The Art of Communications?

Much is being said about the new forms of communications and how they do or do not help us to speak and relate to one another. Some complain that nothing worth while can be said in 140 characters-Twittering. Blackberrys enslave us. Facebook supplants real relationships and texting makes us illiterate.

Consider the history. Socrates, it seems, objected to writing in part because this invention eliminated the need to exercise memory.The telegraph, some call Twitter the 21st century version of the telegraph, caused Henry Thoreau to scoff in the 1840s "Maine and Texas may have nothing to say". Three decades later Samuel Morse, inventor of the telegraph, declined to buy the patent rights for the next new thing, the telephone, because it provided no permanent record of a conversation. In 1880, Western Union declined as well asking"whether any sensible man would conduct his business by such a means of communications".

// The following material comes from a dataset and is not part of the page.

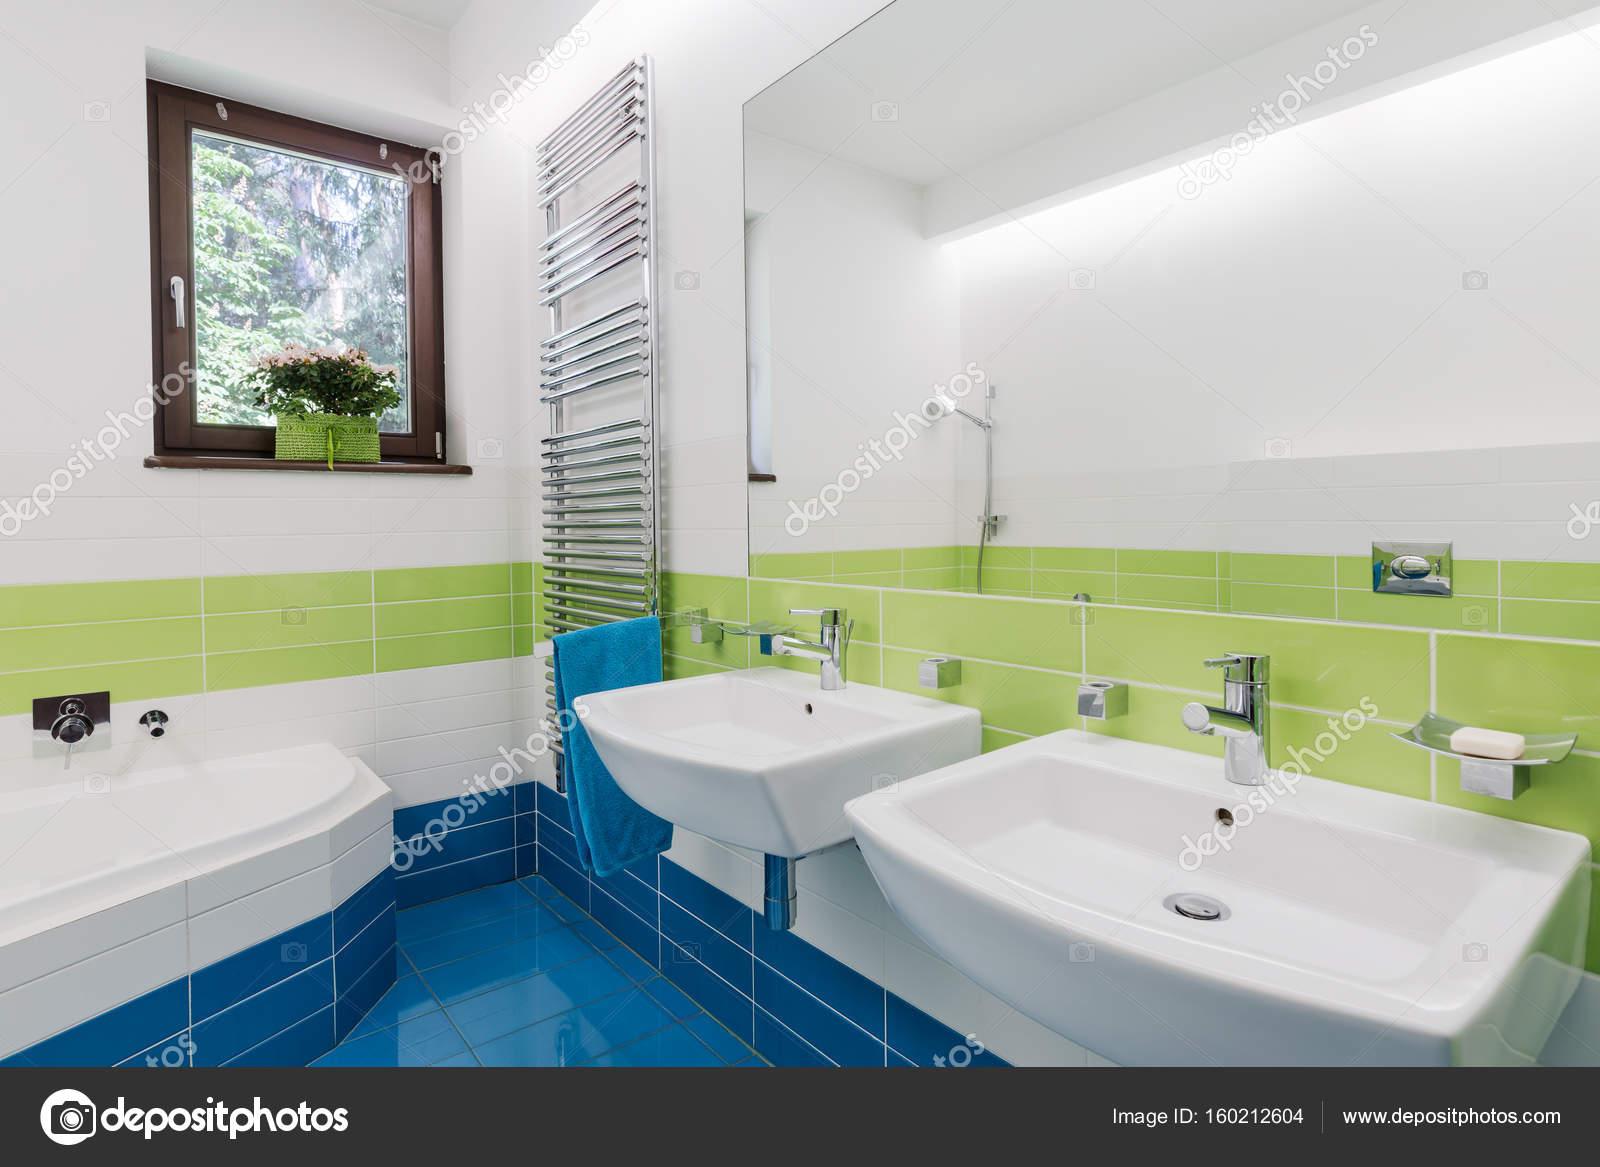 Kolorowa Lazienka Z Dwoma Umywalkami Zdjecie Stockowe

When the typewriter came into wide spread use in the 1930s, The New York Times editorialized against the machine arguing "it usurped the art of writing with one's own hand" It also will give rise to untrained authors flooding the world with opinions they have not the experience to hold. Sounds like the knock on today's bloggers.

When I was lobbying the congress for AT&T in the eighties asking for the right to introduce cell phones to America, I argued that expansion of the cell phone would not be to the detriment of other means of communications. I showed Members the power and what the technology would bring. I used a precursor back then of today's Smart phone. Those industries against the expansion included the newspaper, television and radio industries. Why? Revenues, my friends, revenues.

Turns out the newspaper industry was right as they see their ad revenues fade to the Internet and all manner of PDAs. The TV and Radio industries seem to be holding up. Revenues and the demise of an industry, however, has never been and never will be a reason to block technological growth.

History also teaches that the embedded industry tries to block, complain about,seek protection from and ultimately attempt to own the next new communications thing.

The lecture circuit industry of the 18th and 19th centuries, complained about the introduction of large newspapers. newspapers complained about the growth of radio, radio railed against the growth of TV and they are all worried about or trying to own a piece of the Internet.

Folks, embrace it. In my experience there are only two things not diminished by growth,change or being given away: love and knowledge. There is an endless supply of both.